Das Erstgericht bejahte dies und wies das Begehren auf Zahlung eines monatlichen Unterhalts von 550 EUR sA ab 1. 12. 2006 ab. Das Wiener Sozialhilfegesetz (WSHG) sehe sowohl eine Ersatzpflicht des Sozialhilfeempfängers als auch eine aufgeschobene Legalzession vor, weshalb sich die bezogene Sozialhilfe nicht unterhaltsmindernd auswirke. Die Zahlungen für Miete und Heizung seien Hilfeleistungen in besonderen Lebenslagen nach dem dritten Abschnitt WSHG, nicht rückzahlbar und demnach als Einkommen der Unterhaltsberechtigten zu werten.

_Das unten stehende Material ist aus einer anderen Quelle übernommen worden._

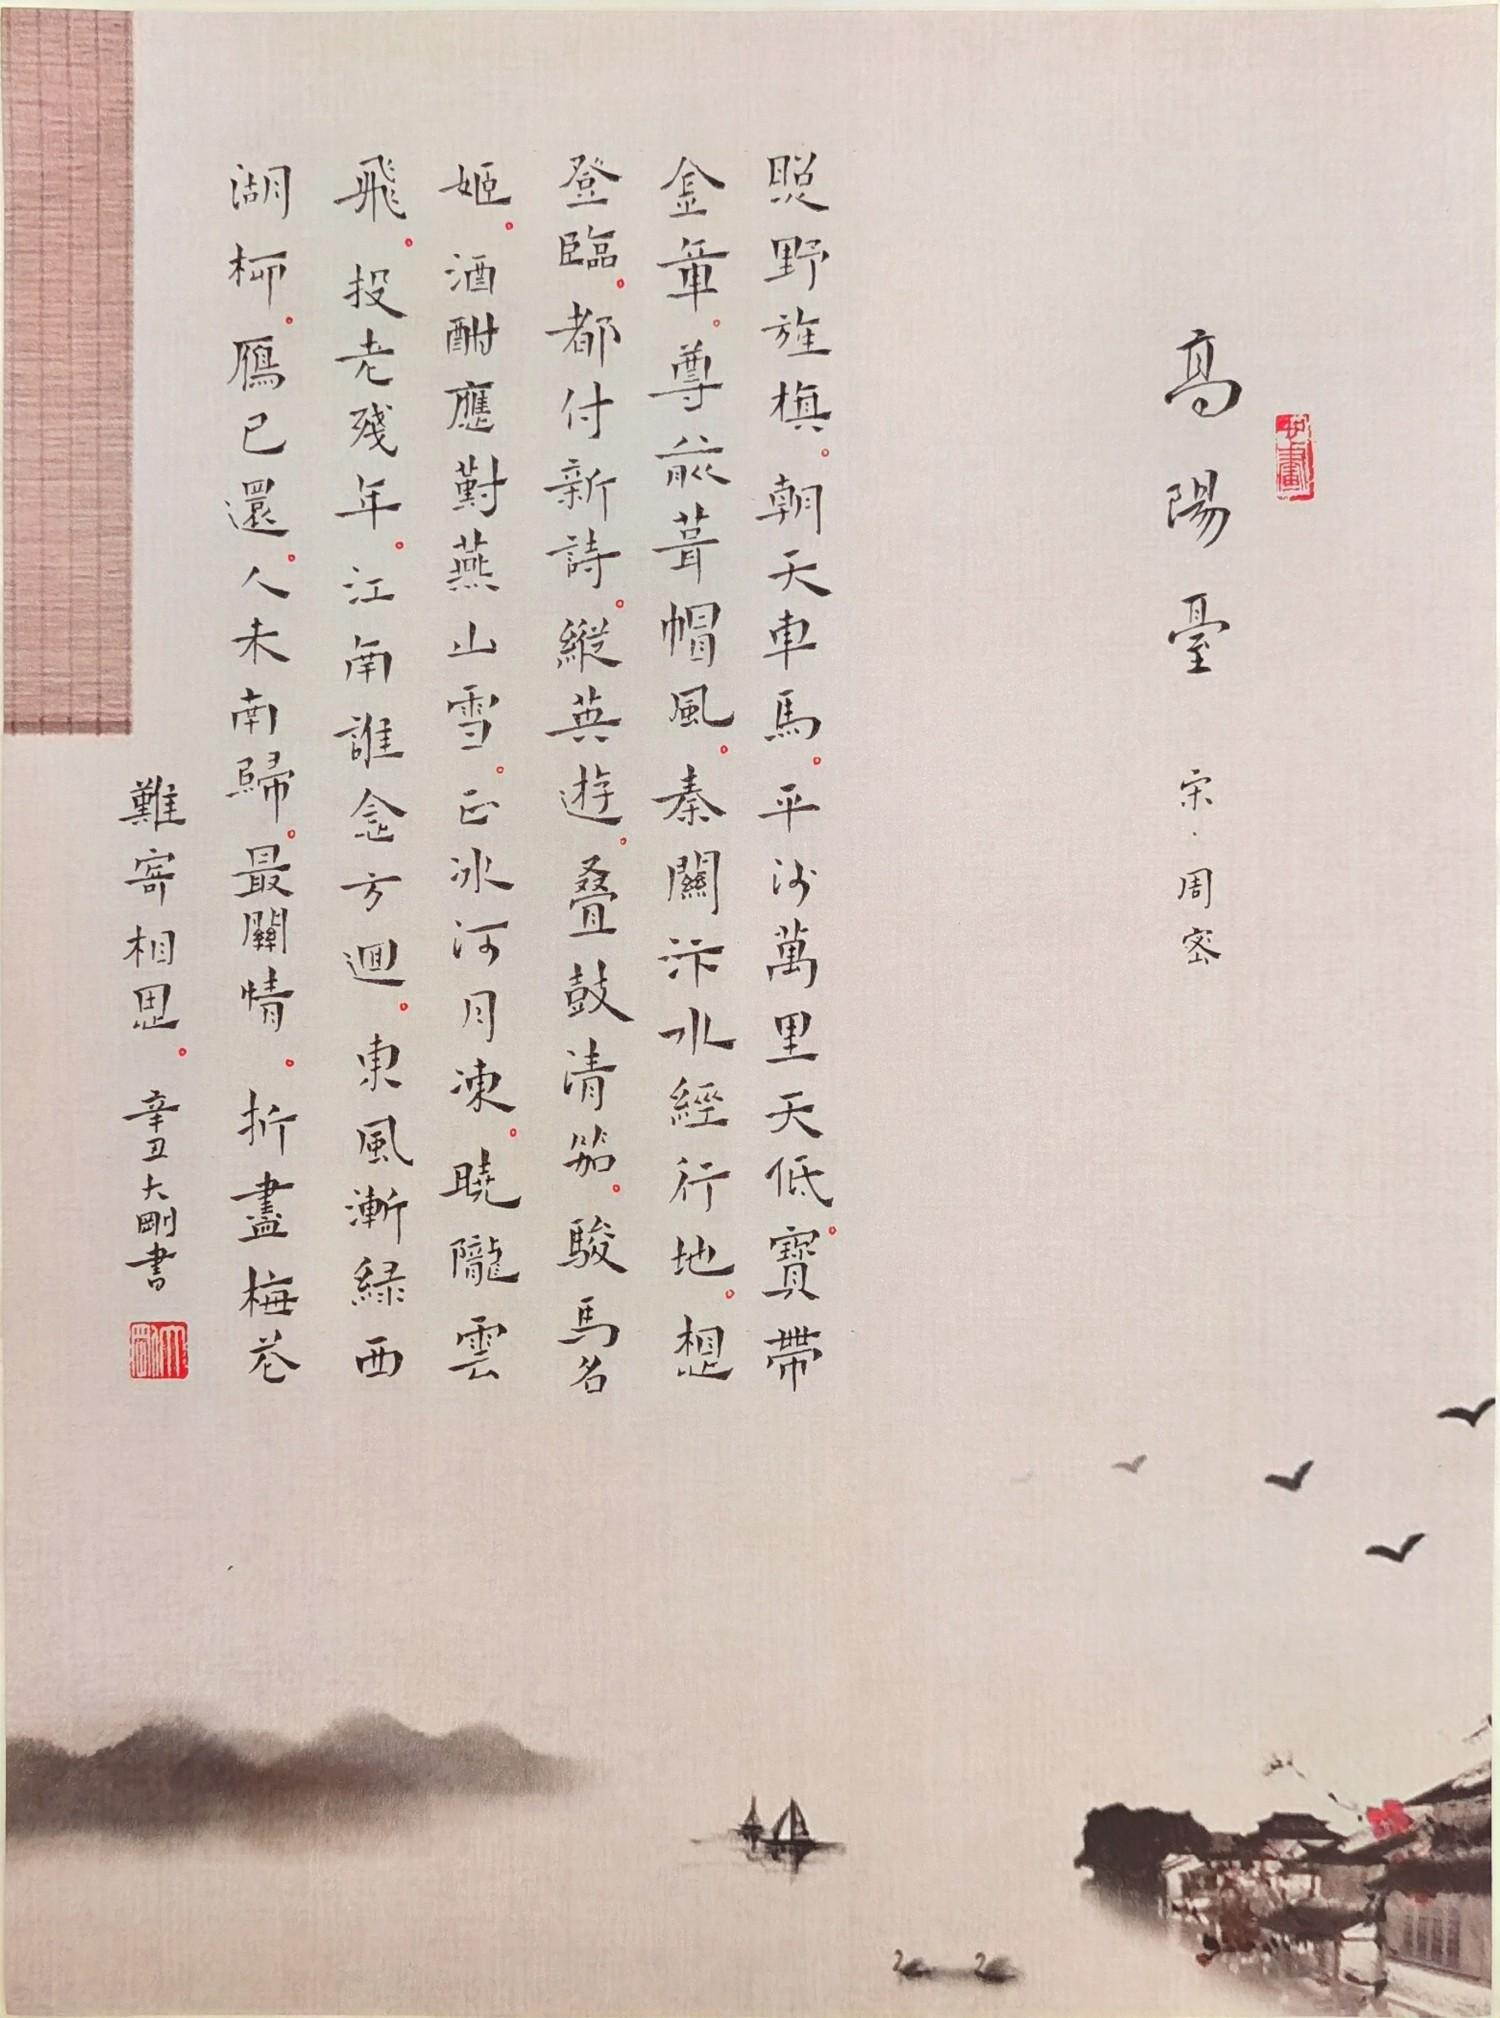 钢笔书法练字打卡20210525-12

Das von der Klägerin angerufene Berufungsgericht teilte diese Rechtsansicht und bestätigte demnach die (den Gegenstand des Revisionsverfahrens bildende) Abweisung des Unterhaltsbegehrens ab 1. 12. 2006. Es ließ die ordentliche Revision zu, weil noch keine höchstgerichtliche Rechtsprechung zur Frage vorliege, ob bzw inwieweit „Leistungen im Rahmen der Sozialhilfe für Miete, Heizkosten und in Form der Wohnbeihilfe als rückzahlungspflichtige oder nicht rückzahlungspflichtige Empfänge nach dem WSHG unter Bedachtnahme auf ihre allfällige Anrechnung als Eigeneinkommen zu werten sind“.
Rechtliche Beurteilung
Die Revision der Klägerin ist zulässig und mit ihrem Aufhebungsantrag berechtigt. Der Beklagte beteiligte sich nicht am Revisionsverfahren.

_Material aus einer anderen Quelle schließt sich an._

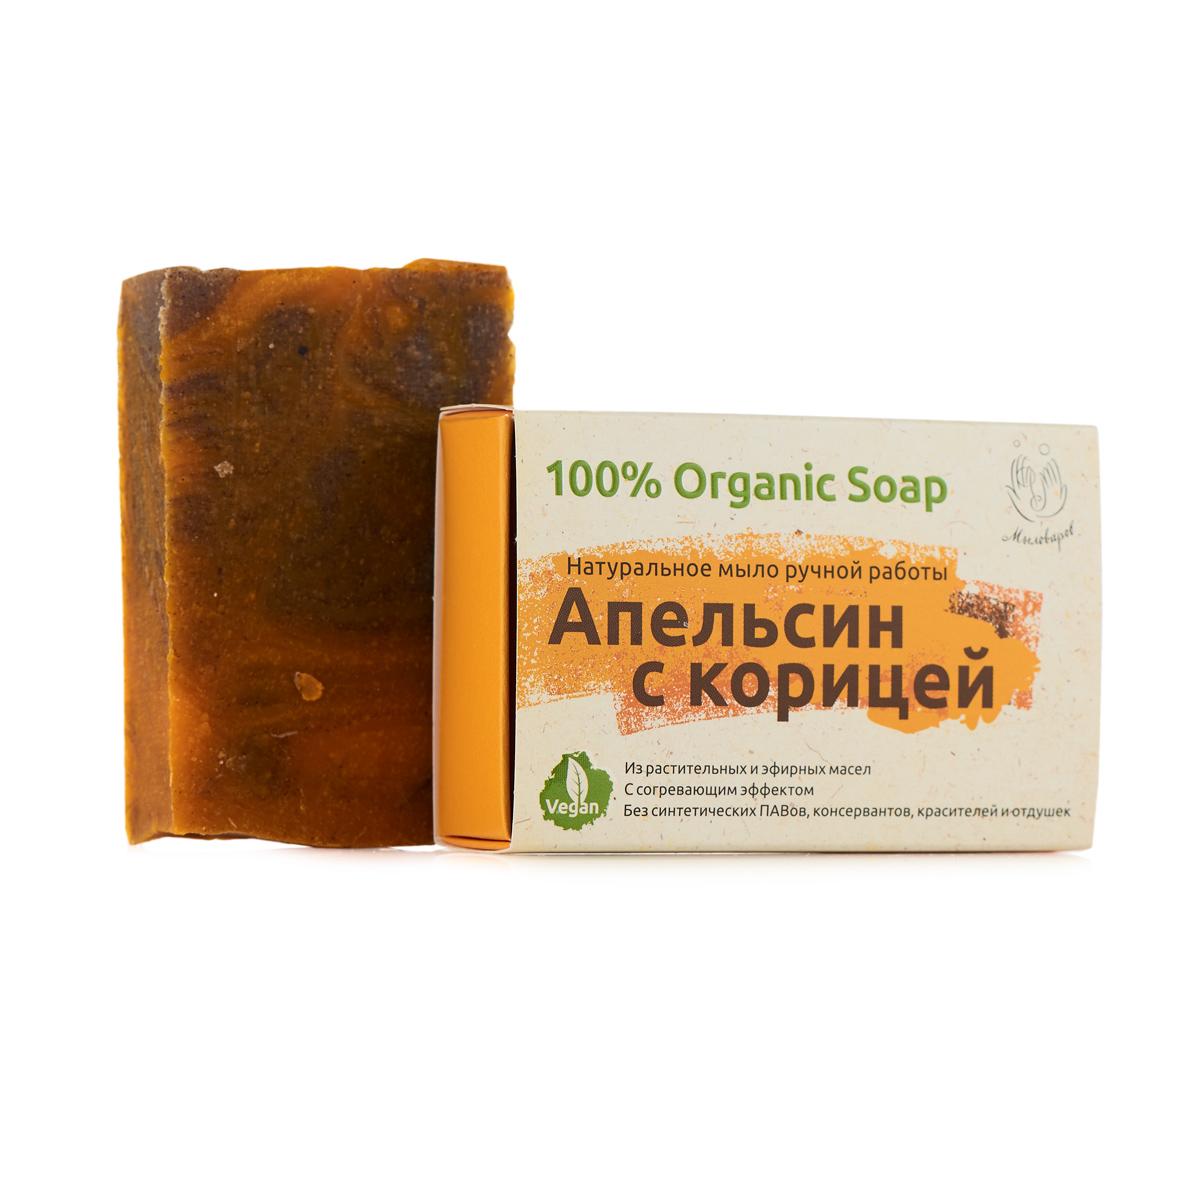 Мыловаров Натуральное мыло Апельсин с корицей 2 х 80гр.MYL-УТ000002127Прикоснитесь к этому удивительно нежному натуральному мылу, и курортное настроение закружит голову ощущением бесконечного праздника. Уникальный комплекс натуральных масел сделает вашу кожу волнительно упругой и гладкой, а знойный аромат спелого апельсина и бодрящей корицы превратят купание в истинное наслаждение. Это 100% натуральный продукт, не содержит искусственных ПАВов, отдушек, красителей и консервантов.

Der Oberste Gerichtshof hat bereits wiederholt ausgesprochen, dass die dem Unterhaltsberechtigten gewährte Sozialhilfe nur dann als sein Eigeneinkommen auf den Unterhaltsanspruch angerechnet werden kann, wenn das jeweilige Sozialhilfegesetz weder eine Rückzahlungsverpflichtung des Sozialhilfeempfängers noch eine „aufgeschobene“ Legalzession des Unterhaltsanspruchs vorsieht (RIS-Justiz RS0118565 [T2]; RS0063121 [T2]). Dies gilt auch für Unterhaltsansprüche nach § 68a EheG (2 Ob 62/10x mwN).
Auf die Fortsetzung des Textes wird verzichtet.